**REQUIREMENT:** A faithful transcript of all the lines below, with no pictures, is the goal here.

**COLLECTED DATA:**
****

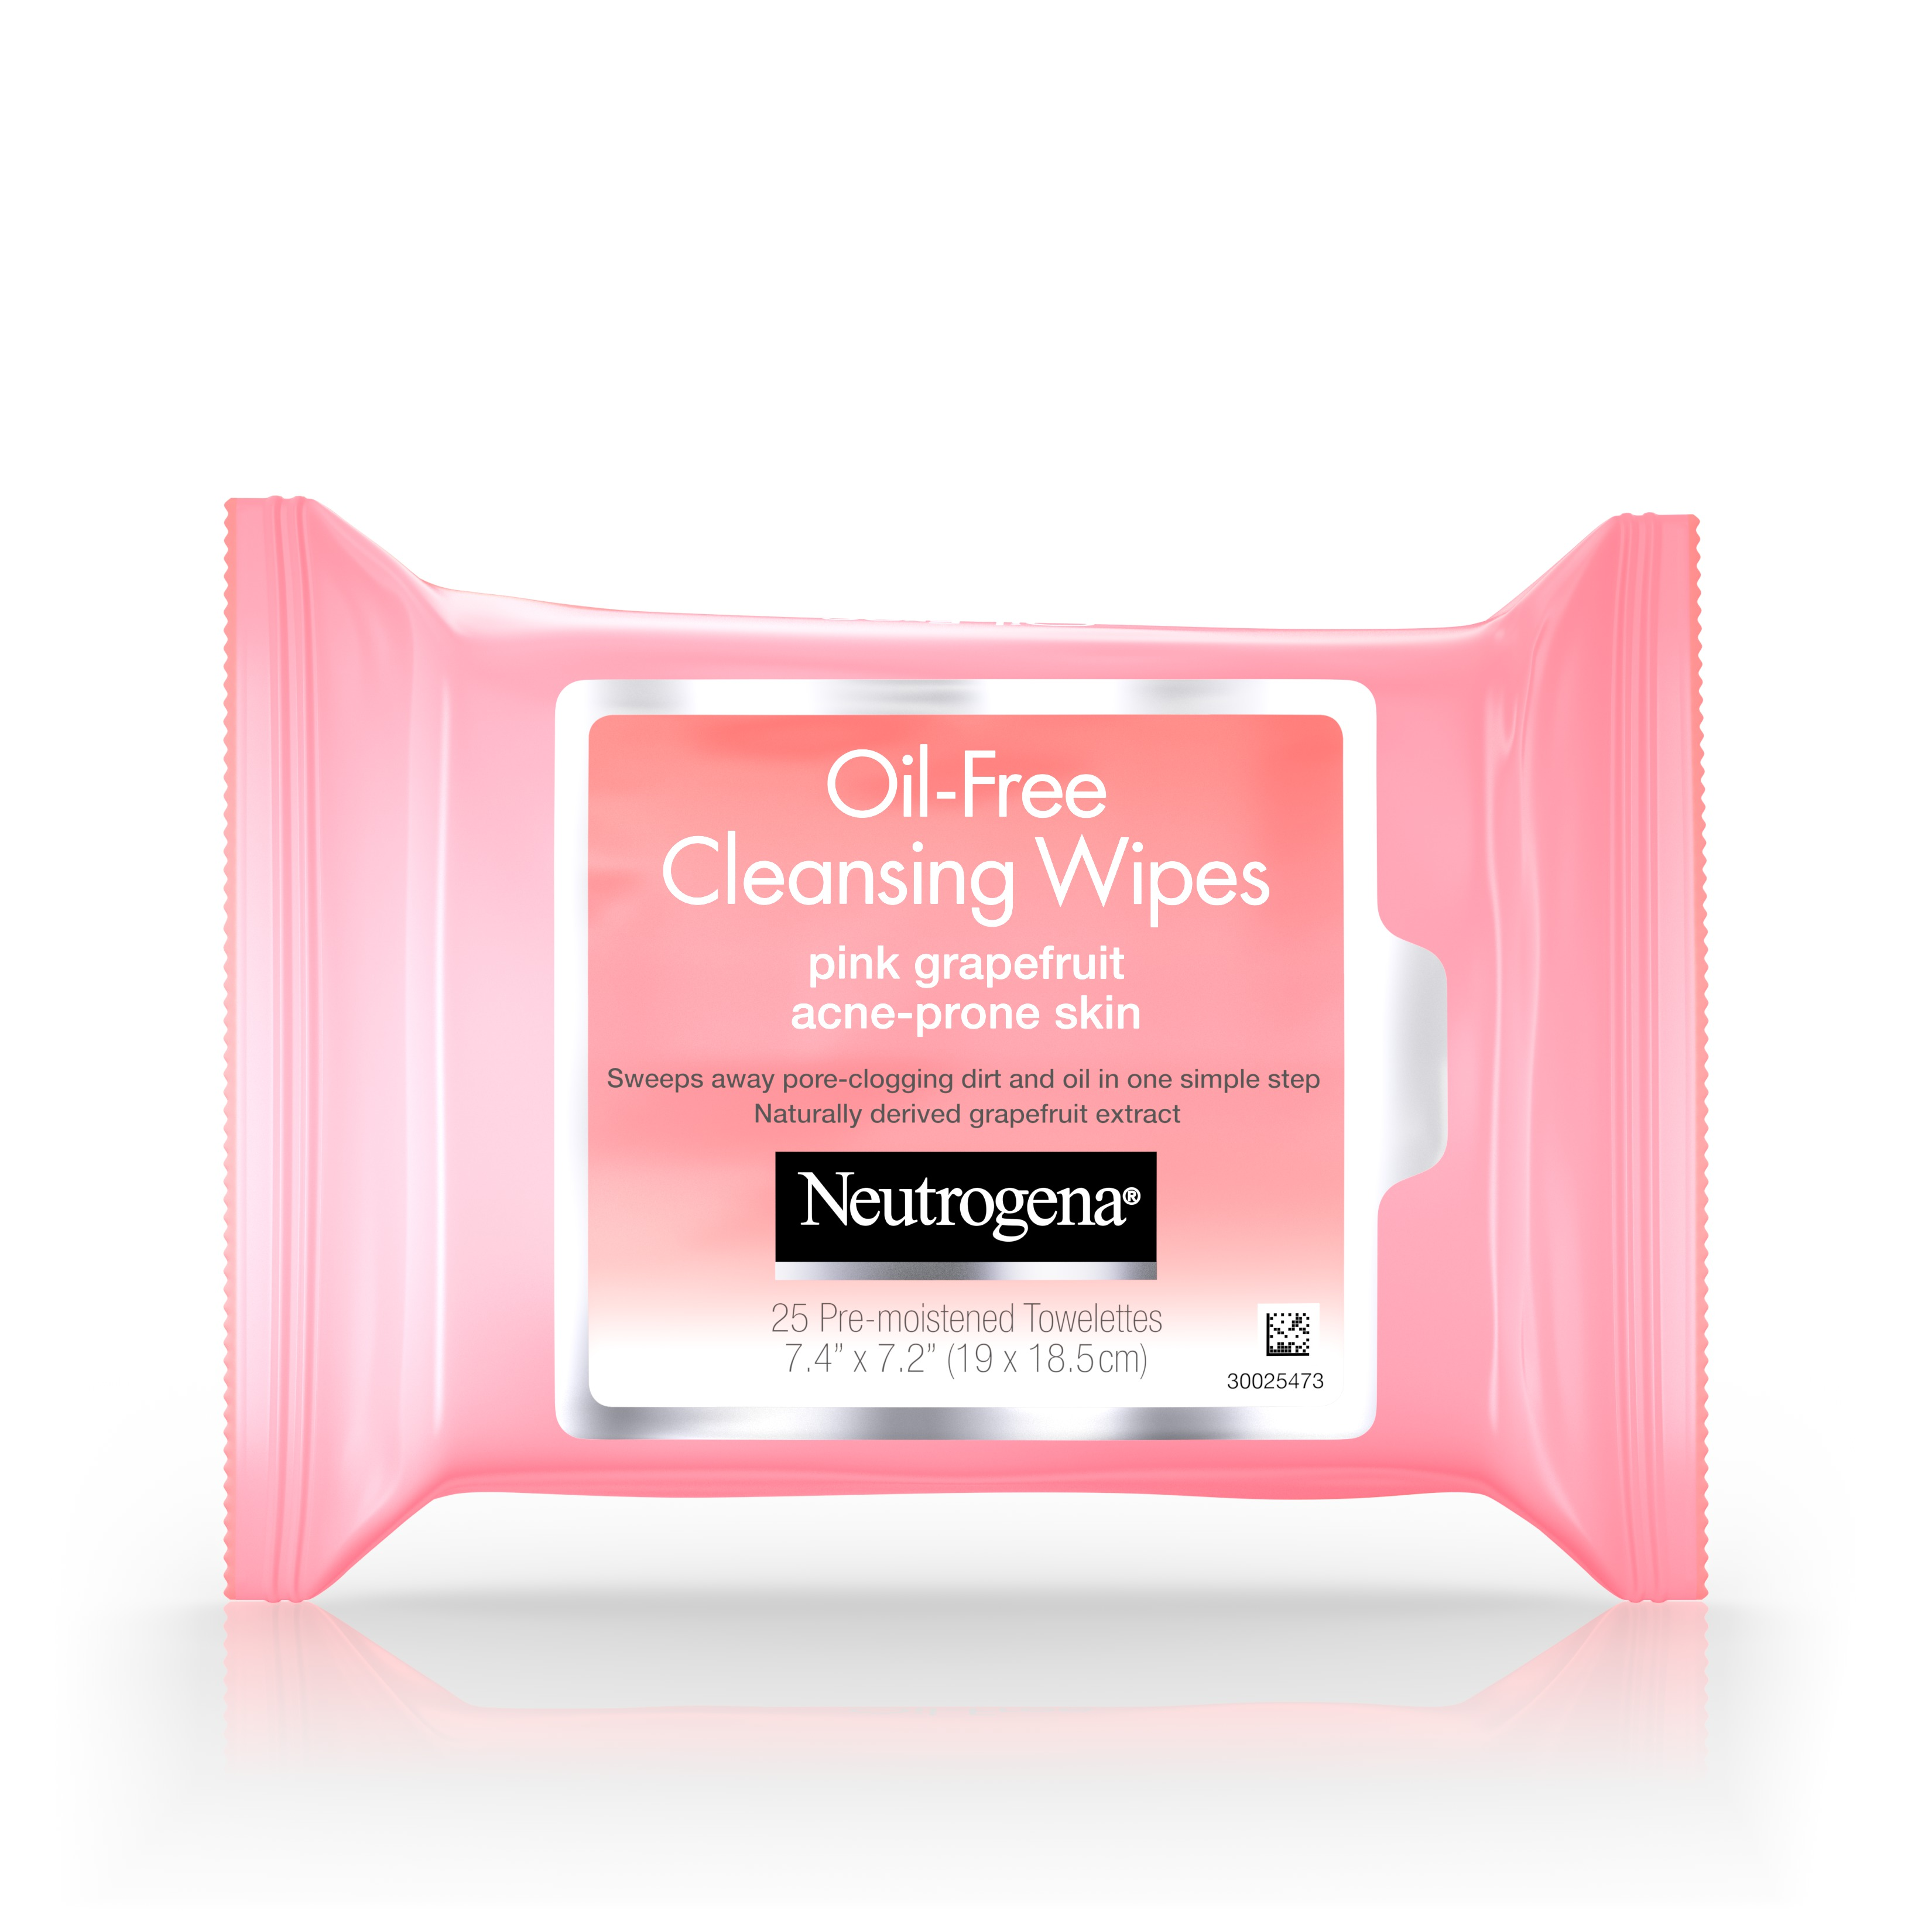 Neutrogena Oil-Free Cleansing Wipes, Pink Grapefruit, 25 Count - Walmart.com
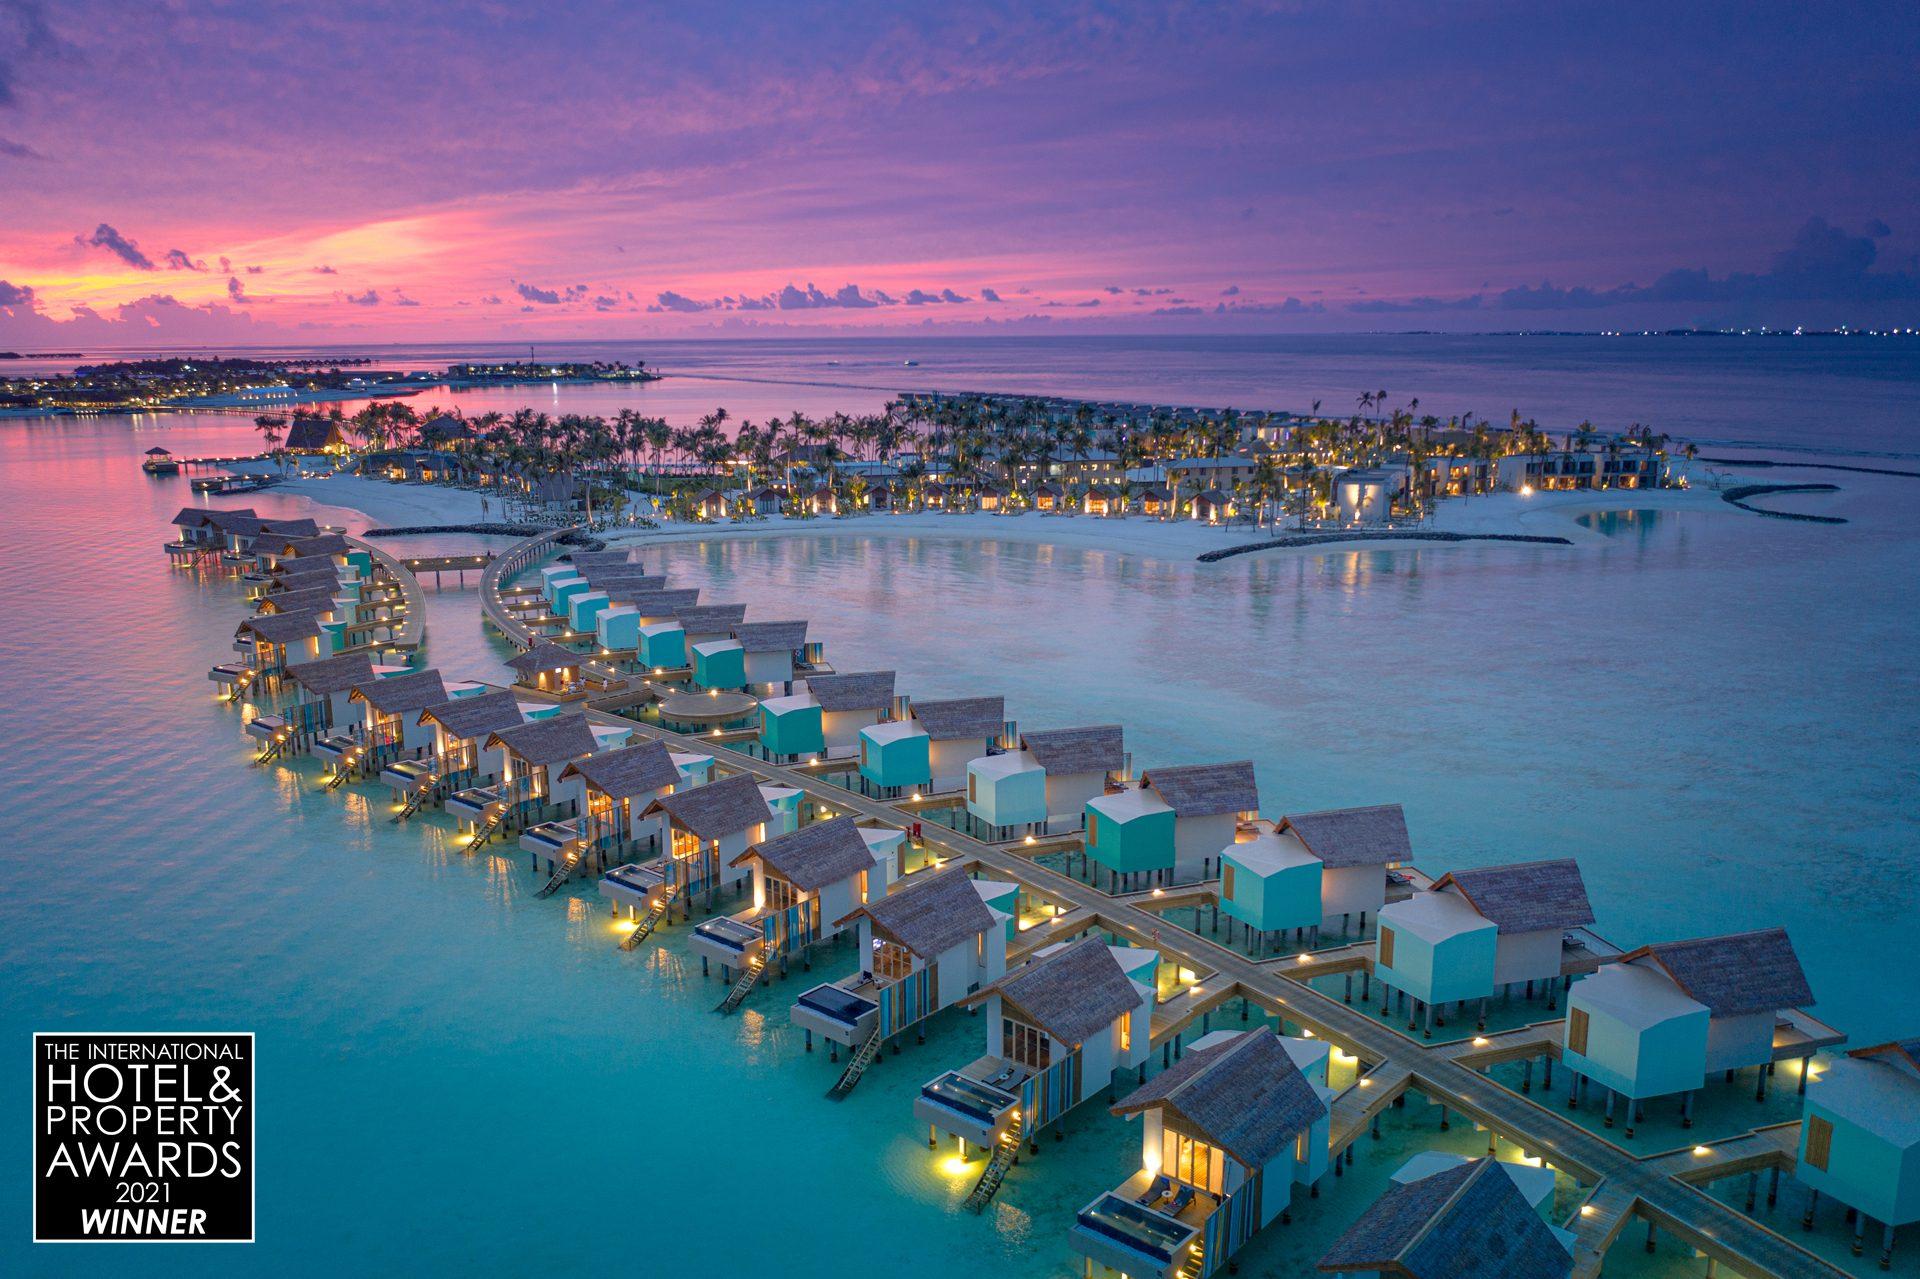 Hard Rock Hotel Maldives - Aerial shot
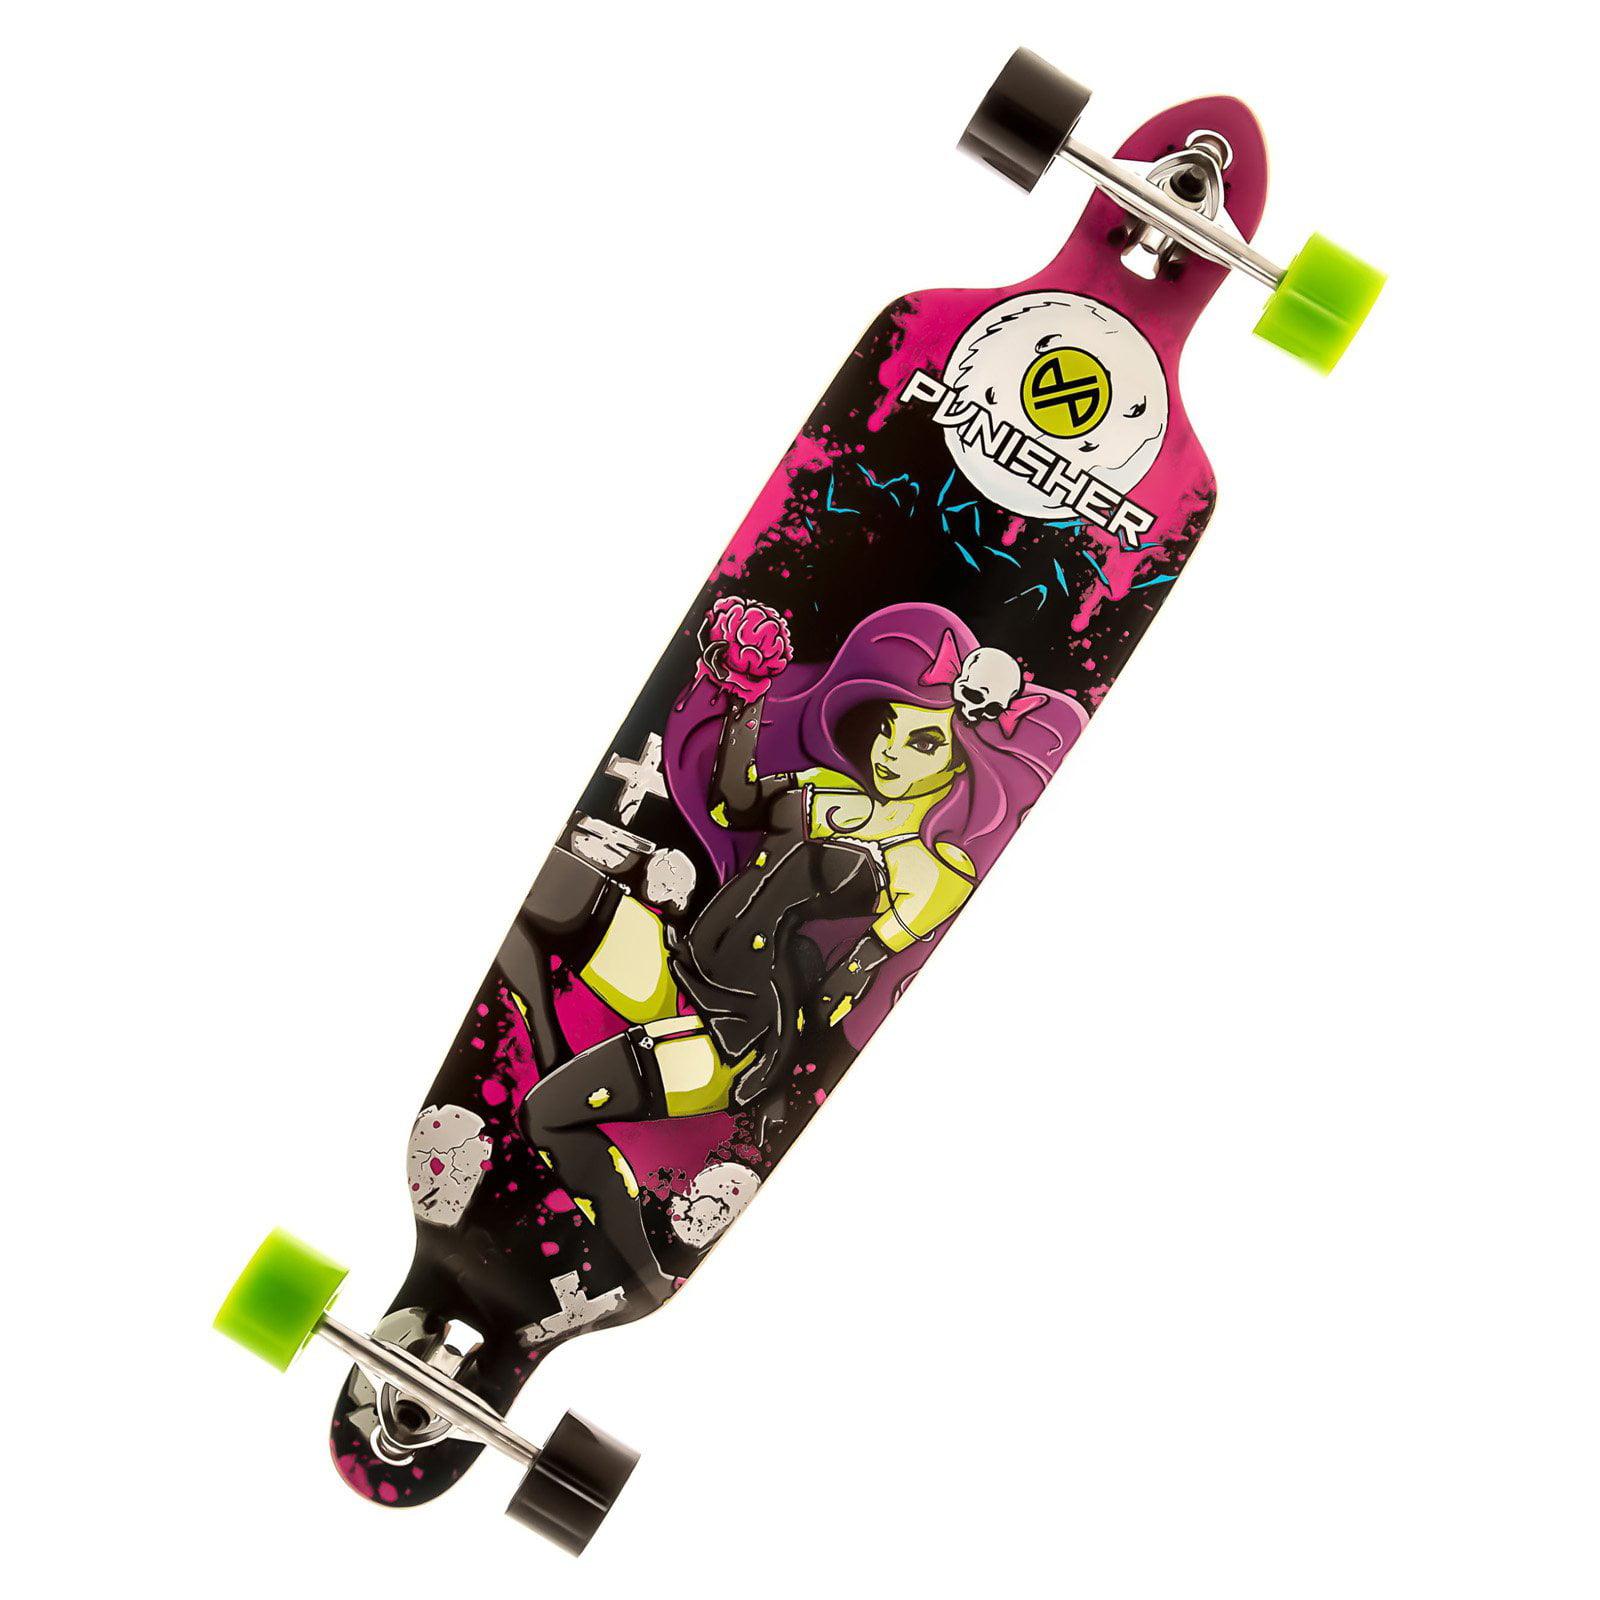 "Punisher Skateboards Zombie 40"" Longboard, Double Kick with Drop Down Deck by Punisher Skateboards"

****

**EXERCISE RESULT:**
 Neutrogena Oil-Free Cleansing Wipes, Pink Grapefruit, 25 Count - Walmart.com
 Hard Rock Hotel Maldives - Aerial shot
 "Punisher Skateboards Zombie 40"" Longboard, Double Kick with Drop Down Deck by Punisher Skateboards"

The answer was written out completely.